• **Task to carry out**:
Apart from the pictures, which must be omitted, restate the data exactly.

• **Given information**:
____________

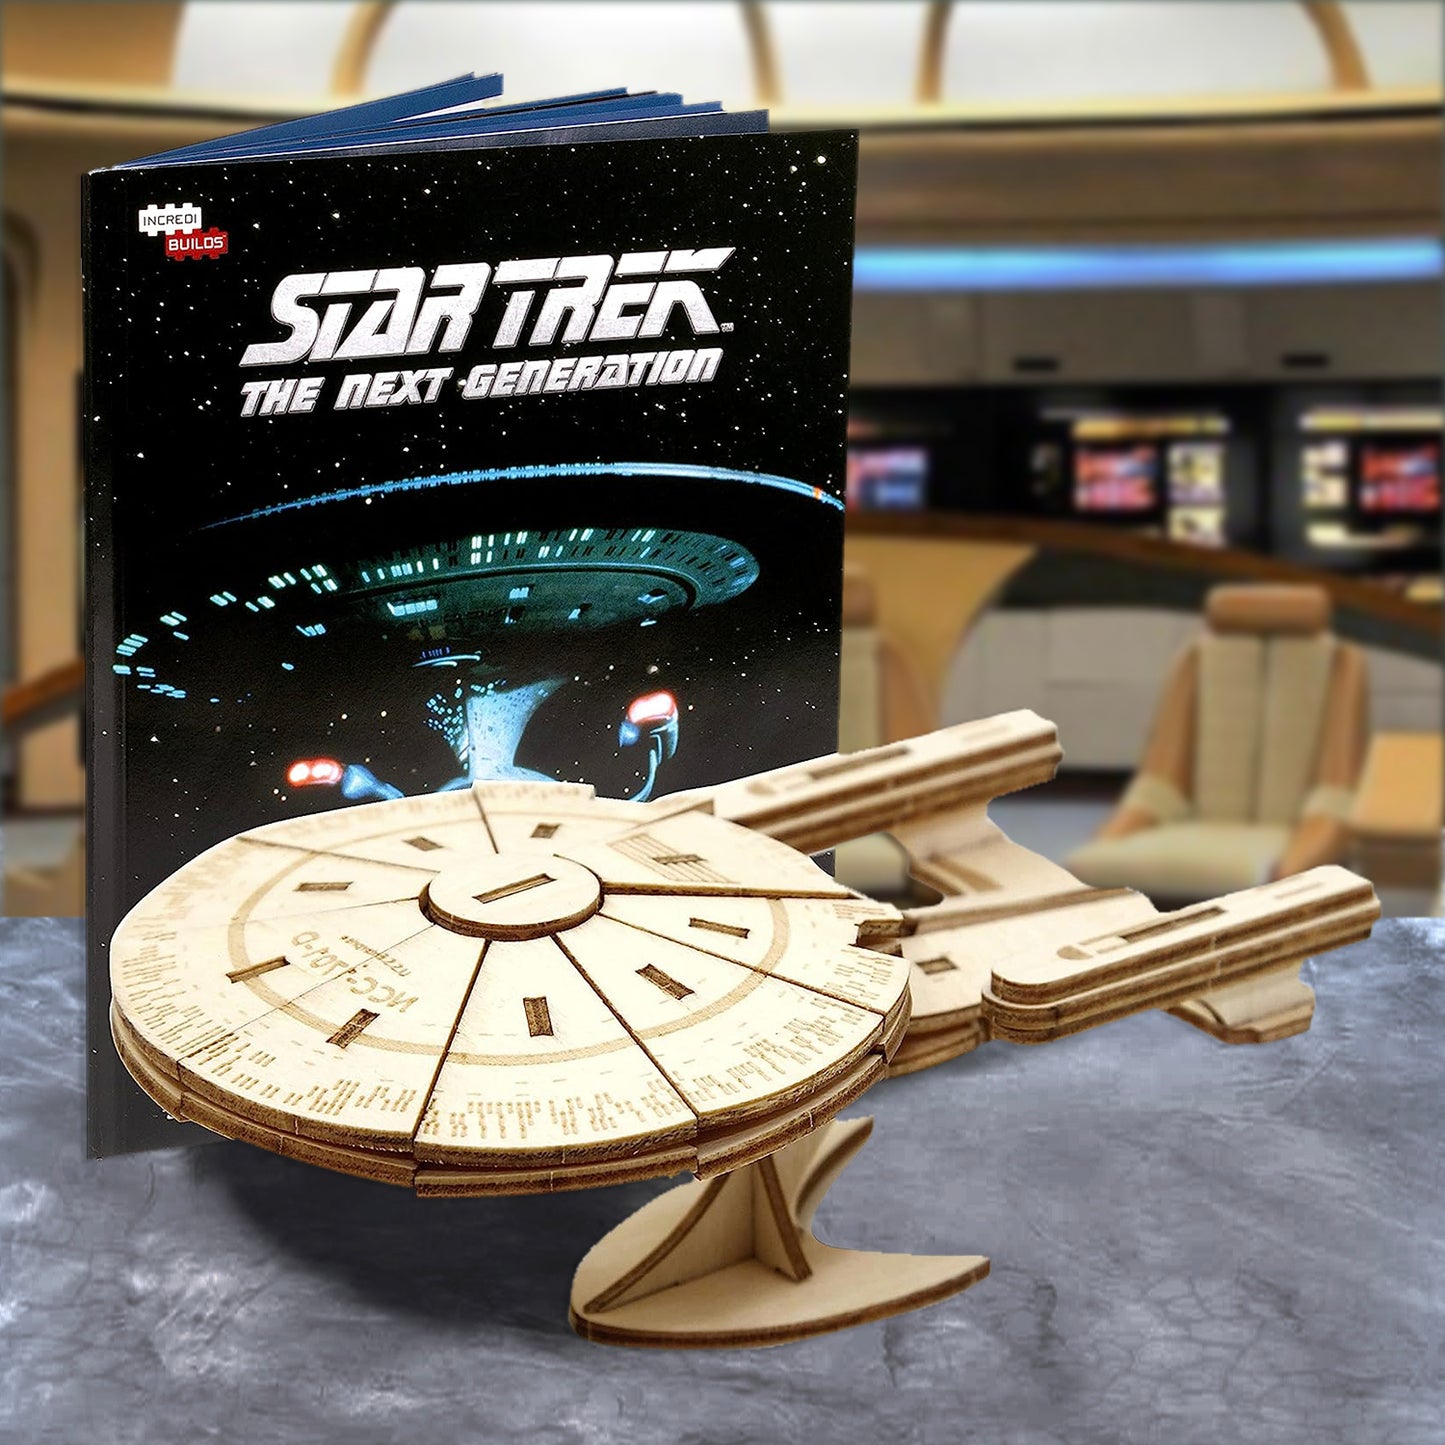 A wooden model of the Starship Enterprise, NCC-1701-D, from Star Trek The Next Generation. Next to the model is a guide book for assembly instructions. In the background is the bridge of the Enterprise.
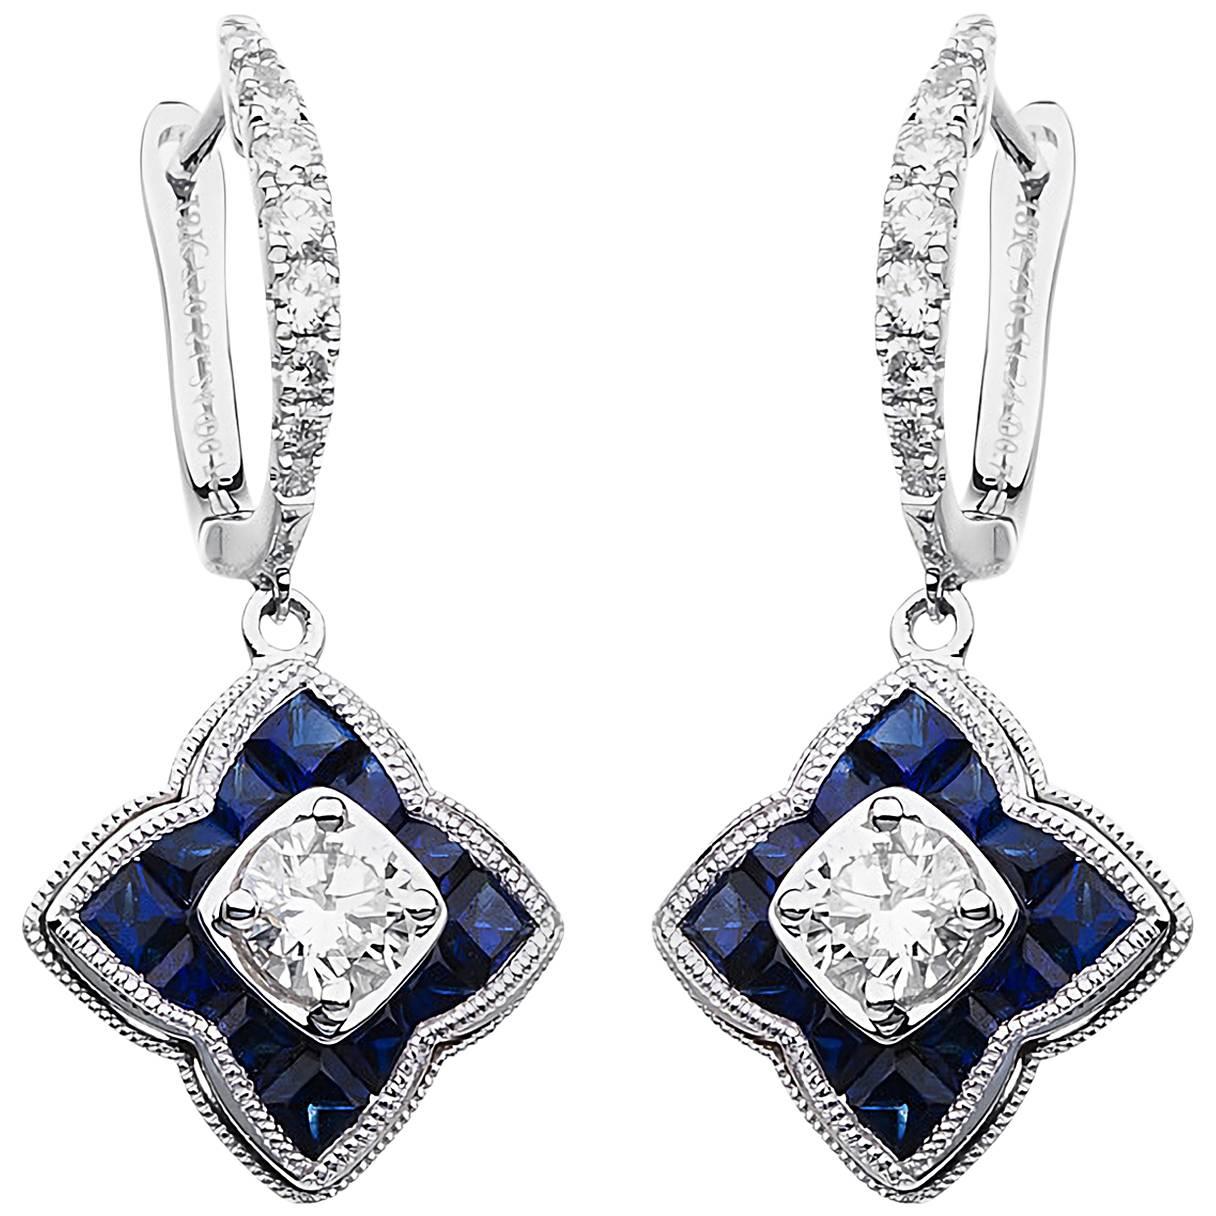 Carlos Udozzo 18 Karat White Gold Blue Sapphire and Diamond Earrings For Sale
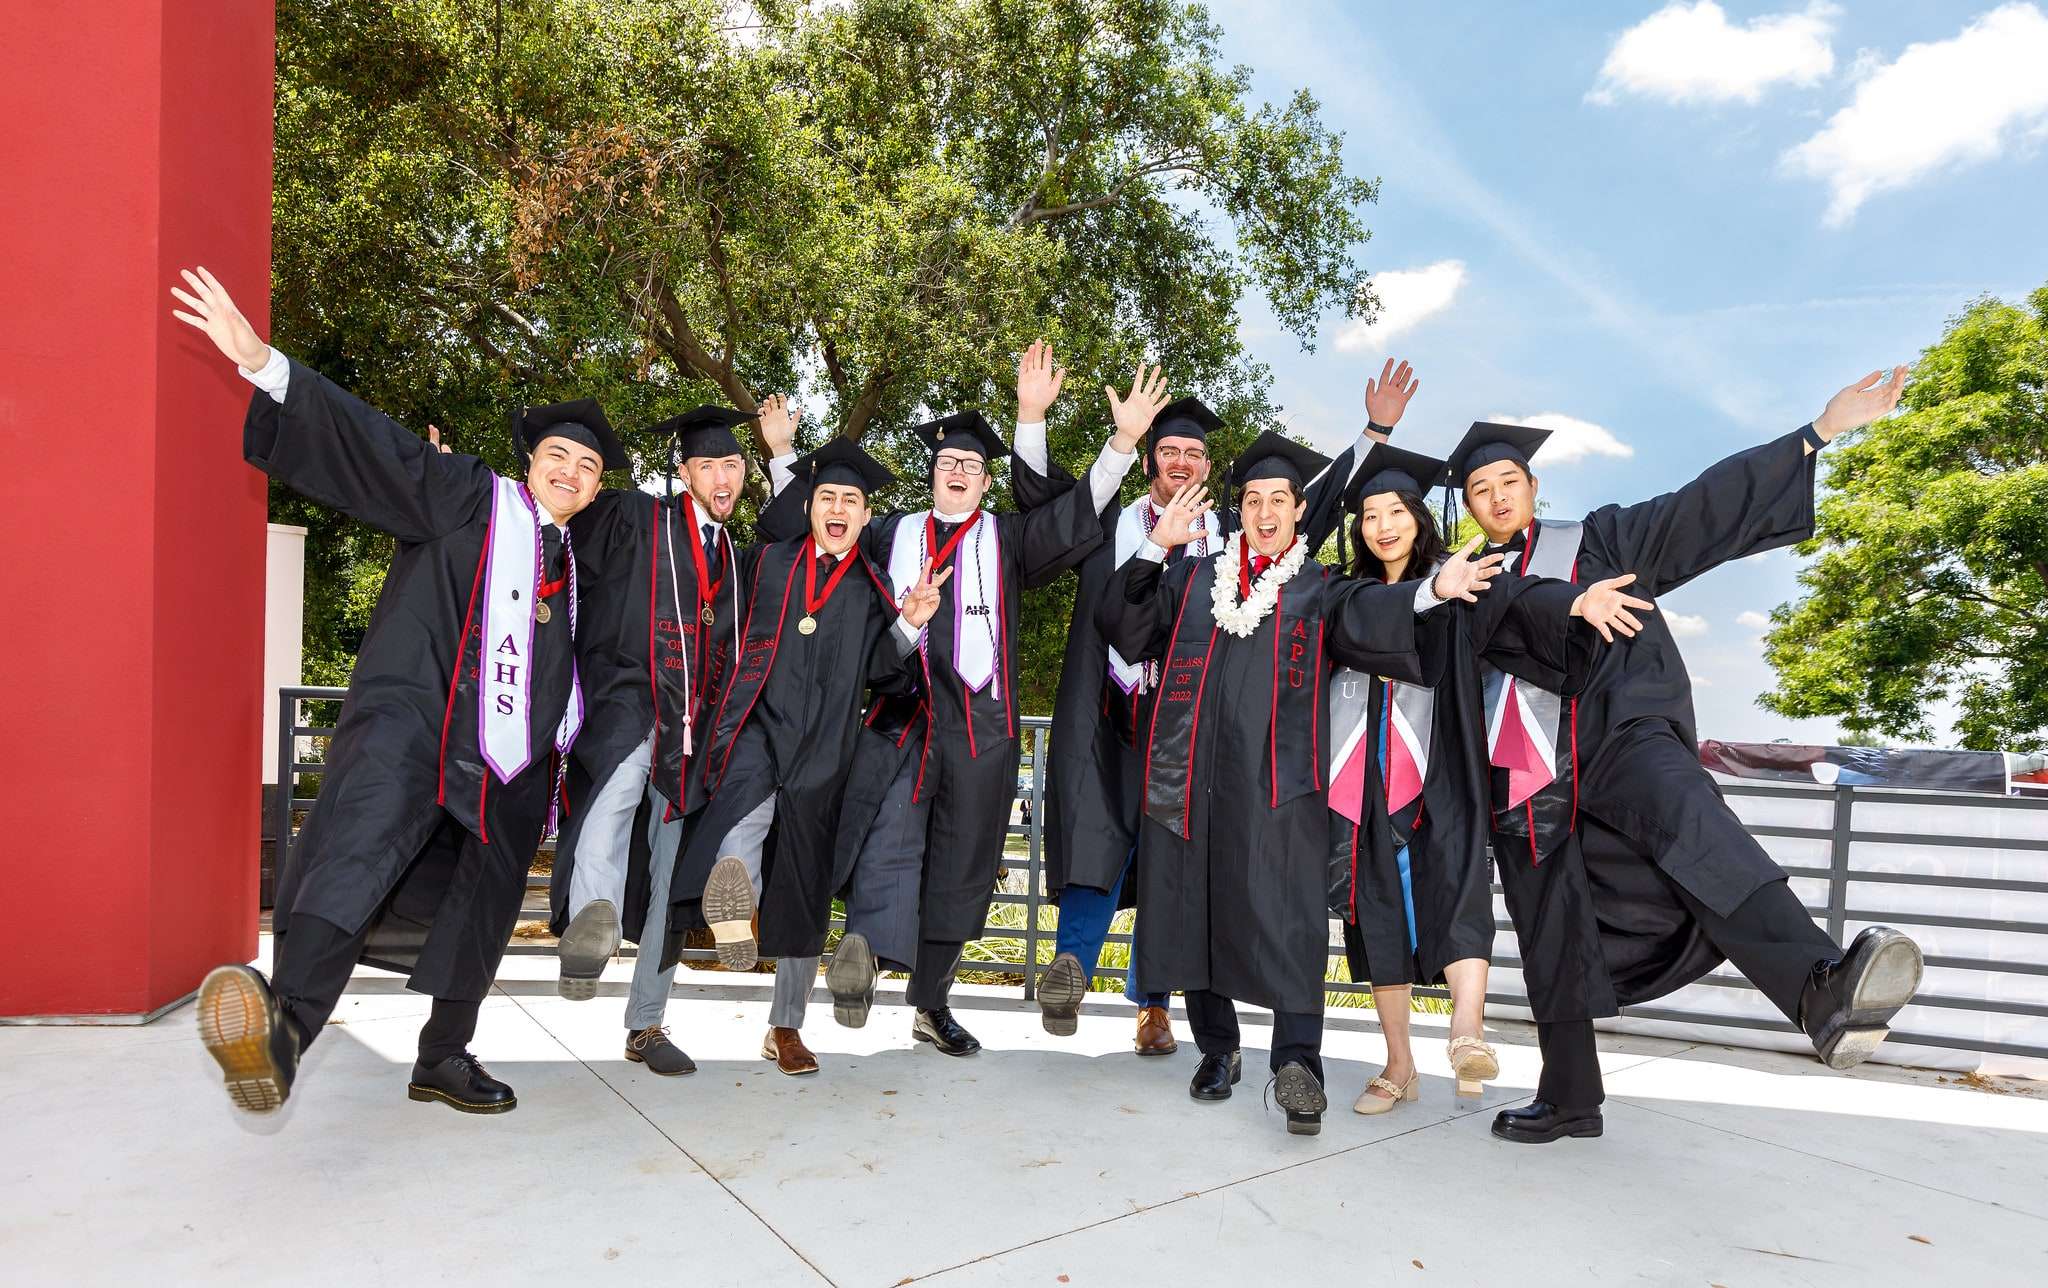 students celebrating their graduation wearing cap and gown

____________

• **Answer to the exercise**:
 A wooden model of the Starship Enterprise, NCC-1701-D, from Star Trek The Next Generation. Next to the model is a guide book for assembly instructions. In the background is the bridge of the Enterprise.
 Carlos Udozzo 18 Karat White Gold Blue Sapphire and Diamond Earrings For Sale
 students celebrating their graduation wearing cap and gown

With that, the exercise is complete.